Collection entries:
------------
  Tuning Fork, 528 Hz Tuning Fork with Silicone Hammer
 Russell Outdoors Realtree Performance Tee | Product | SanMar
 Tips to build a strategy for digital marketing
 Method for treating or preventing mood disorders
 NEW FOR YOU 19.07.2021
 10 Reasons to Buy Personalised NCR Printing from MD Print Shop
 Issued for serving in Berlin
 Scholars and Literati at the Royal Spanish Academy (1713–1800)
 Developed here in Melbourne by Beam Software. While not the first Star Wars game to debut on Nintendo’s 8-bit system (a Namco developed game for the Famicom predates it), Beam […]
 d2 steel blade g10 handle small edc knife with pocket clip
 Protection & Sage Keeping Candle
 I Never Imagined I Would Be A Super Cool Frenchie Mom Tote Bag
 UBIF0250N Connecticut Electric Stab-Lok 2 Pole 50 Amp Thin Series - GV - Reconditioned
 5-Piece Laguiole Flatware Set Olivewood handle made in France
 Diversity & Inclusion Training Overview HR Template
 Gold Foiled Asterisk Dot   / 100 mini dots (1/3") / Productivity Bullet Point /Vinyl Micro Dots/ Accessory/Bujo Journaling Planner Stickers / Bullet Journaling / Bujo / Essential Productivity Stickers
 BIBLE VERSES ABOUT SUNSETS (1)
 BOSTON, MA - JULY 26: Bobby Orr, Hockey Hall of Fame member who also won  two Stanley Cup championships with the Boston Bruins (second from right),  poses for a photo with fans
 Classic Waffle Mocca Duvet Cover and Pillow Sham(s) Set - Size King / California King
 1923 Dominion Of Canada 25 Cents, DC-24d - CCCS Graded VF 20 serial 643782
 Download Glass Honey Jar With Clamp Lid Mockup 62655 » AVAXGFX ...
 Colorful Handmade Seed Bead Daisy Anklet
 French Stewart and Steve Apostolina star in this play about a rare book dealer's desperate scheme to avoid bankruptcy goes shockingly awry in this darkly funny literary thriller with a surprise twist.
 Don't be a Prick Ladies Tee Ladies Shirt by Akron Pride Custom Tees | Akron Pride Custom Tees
------------
= Task requirements =
Transcribe, exactly and completely, all of the entries.

= Solution below =
  Tuning Fork, 528 Hz Tuning Fork with Silicone Hammer
 Russell Outdoors Realtree Performance Tee | Product | SanMar
 Tips to build a strategy for digital marketing
 Method for treating or preventing mood disorders
 NEW FOR YOU 19.07.2021
 10 Reasons to Buy Personalised NCR Printing from MD Print Shop
 Issued for serving in Berlin
 Scholars and Literati at the Royal Spanish Academy (1713–1800)
 Developed here in Melbourne by Beam Software. While not the first Star Wars game to debut on Nintendo’s 8-bit system (a Namco developed game for the Famicom predates it), Beam […]
 d2 steel blade g10 handle small edc knife with pocket clip
 Protection & Sage Keeping Candle
 I Never Imagined I Would Be A Super Cool Frenchie Mom Tote Bag
 UBIF0250N Connecticut Electric Stab-Lok 2 Pole 50 Amp Thin Series - GV - Reconditioned
 5-Piece Laguiole Flatware Set Olivewood handle made in France
 Diversity & Inclusion Training Overview HR Template
 Gold Foiled Asterisk Dot   / 100 mini dots (1/3") / Productivity Bullet Point /Vinyl Micro Dots/ Accessory/Bujo Journaling Planner Stickers / Bullet Journaling / Bujo / Essential Productivity Stickers
 BIBLE VERSES ABOUT SUNSETS (1)
 BOSTON, MA - JULY 26: Bobby Orr, Hockey Hall of Fame member who also won  two Stanley Cup championships with the Boston Bruins (second from right),  poses for a photo with fans
 Classic Waffle Mocca Duvet Cover and Pillow Sham(s) Set - Size King / California King
 1923 Dominion Of Canada 25 Cents, DC-24d - CCCS Graded VF 20 serial 643782
 Download Glass Honey Jar With Clamp Lid Mockup 62655 » AVAXGFX ...
 Colorful Handmade Seed Bead Daisy Anklet
 French Stewart and Steve Apostolina star in this play about a rare book dealer's desperate scheme to avoid bankruptcy goes shockingly awry in this darkly funny literary thriller with a surprise twist.
 Don't be a Prick Ladies Tee Ladies Shirt by Akron Pride Custom Tees | Akron Pride Custom Tees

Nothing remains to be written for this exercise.